В 1790 году был принят закон, который гласил, что пекари должны заранее присылать мэру список дней, в которые они не будут работать, а мэр, в свою очередь, мог подтвердить их или наложить вето. Таким образом, можно было сделать так, чтобы булочники не отдыхали в один и тот же день и у людей всегда был хлеб. В то время отсутствие хлеба было бы достаточным для того, чтобы начать революцию. В XXI веке, в попытках искоренить излишний бюрократизм, закон отменили, и теперь пекари могут отдыхать в любой день, когда хотят, и, если все булочные вдруг закроются, значит так и будет. Идите в супермаркет и покупайте замороженные, наполовину выпеченные багеты там, кладите их в духовку и выпекайте сами. В 1790 году человек, отменивший закон, точно поплатился бы своей головой за это. Если сейчас кандидат в президенты скажет, что правило вернется, он с помощью только этого обещания сможет прийти к власти. Мои французские друзья, например, приходят в ужас от того, что у них отняли возможность покупать хлеб, когда им это нужно. Конечно, на самом деле всегда есть хотя бы одна булочная, которая будет открыта. Даже на Рождество вы найдете, где купить свежеиспеченный багет.

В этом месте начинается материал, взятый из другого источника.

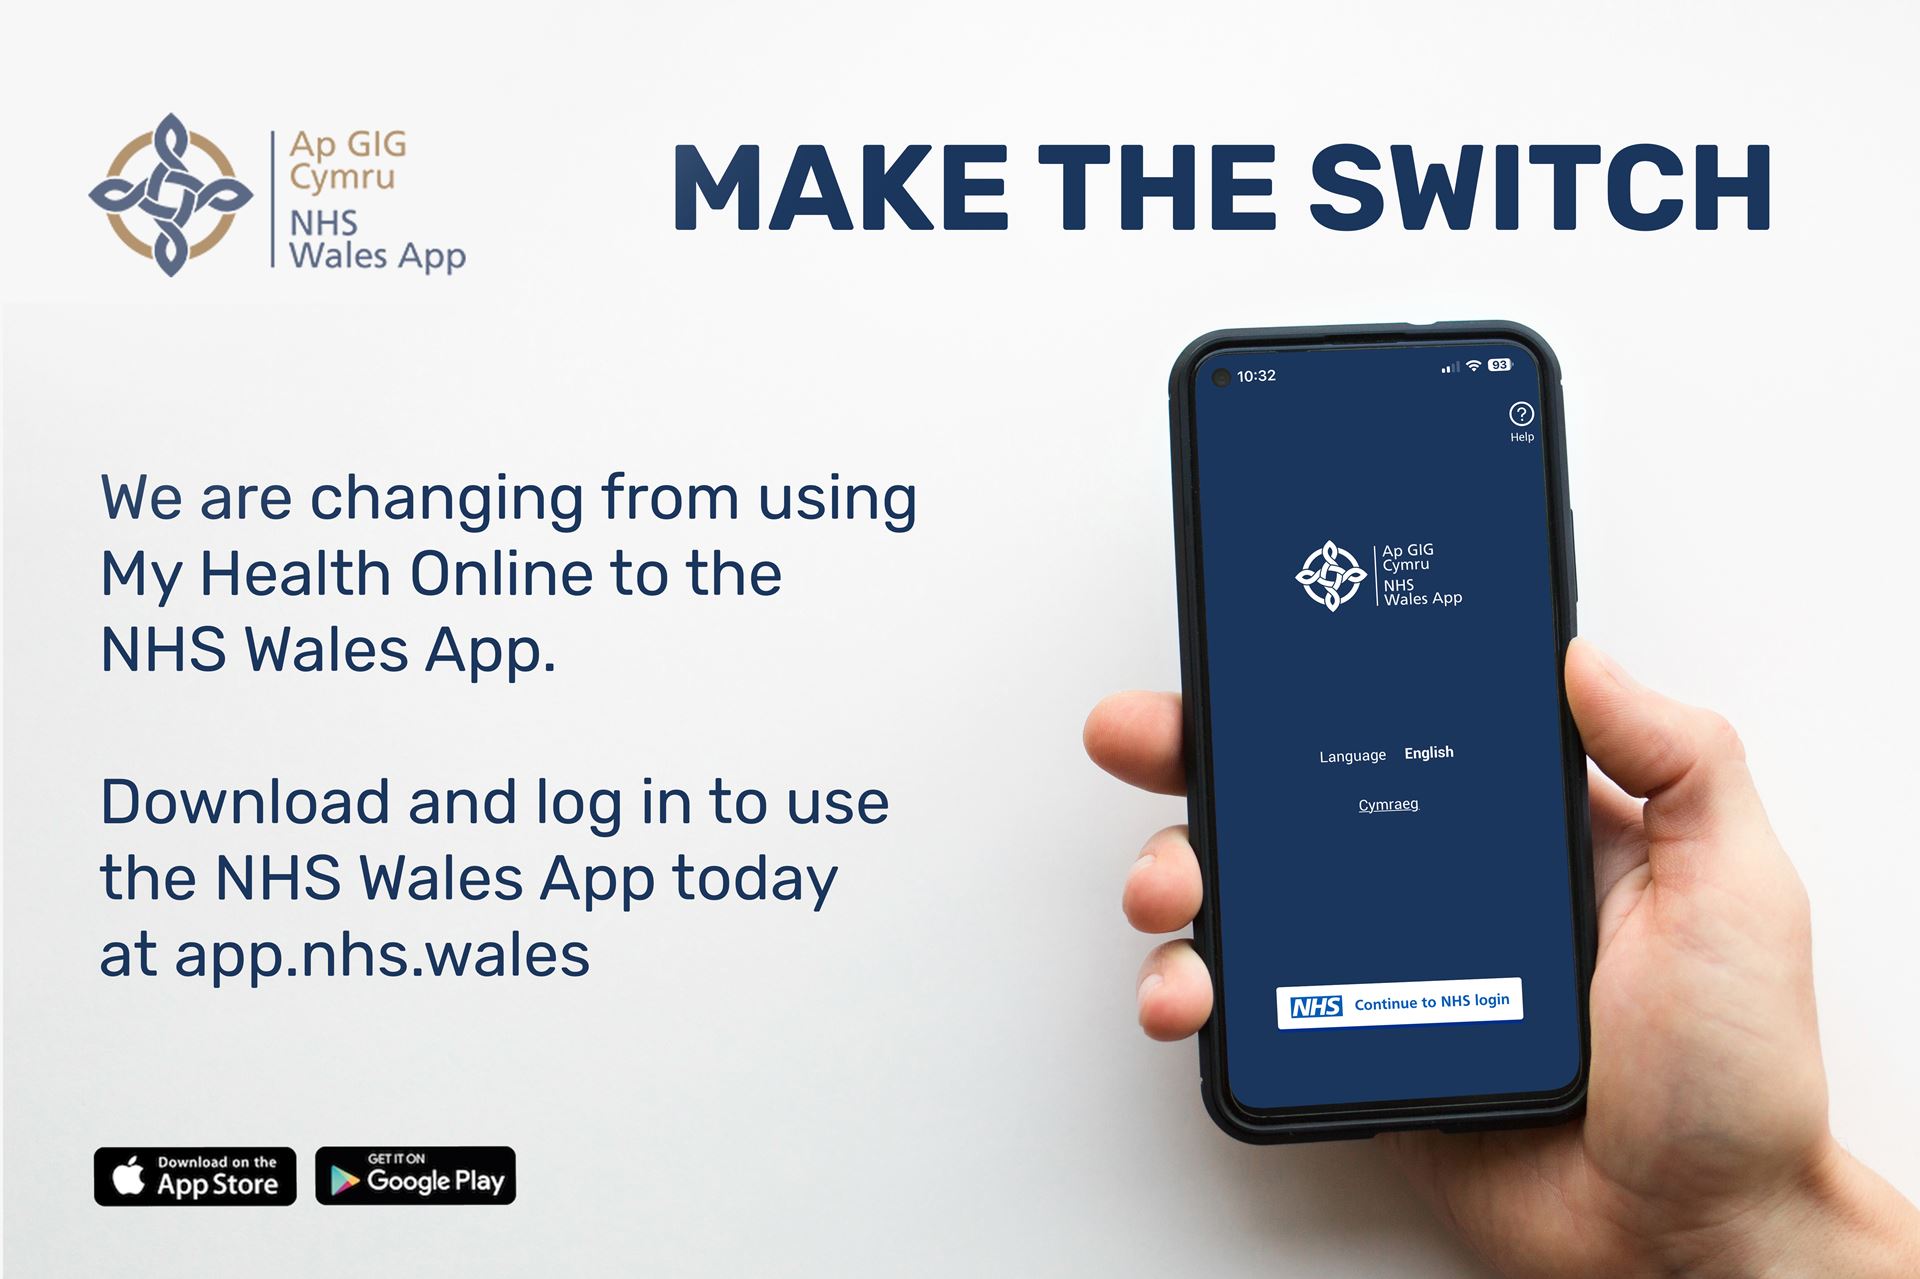 NHS wales app switch

В Юкелье же булочник пек хлеб как сумасшедший все утро. Он работал с максимальной скоростью и старался приготовить достаточно хлеба для всех посетителей. Но он не смог. К полудню закончился весь хлеб и пирожные. Булочник закрыл дверь и ушел. Он тоже хотел посмотреть на проезжающих велосипедистов и отказывался возвращаться на кухню до этого момента.
Конечно, для местных жителей это была настоящая катастрофа. Я уверена, что большинство запомнило этот великий день не за суматоху или за то, что по городу провезли гигантских лошадей, сделанных из папье-маше (цель этого действа мне до сих пор не очень понятна). Они не запомнили, как дети надели одинаковые футболки, спели и станцевали в честь велогонщиков, которые пронеслись мимо них так быстро, что они даже не успели допеть первый куплет. Они не вспомнят, как тысячи людей улыбались и смеялись, не вспомнят украшенные грузовики, из которых раздавали подарки. Они не вспомнят, как одному старику попали по голове бутылкой с водой, и он побежал по дороге и тряс кулаком, а потом в него кинули пирожным «мадлен».
Они запомнят это как день, когда в Юкелье закончился хлеб.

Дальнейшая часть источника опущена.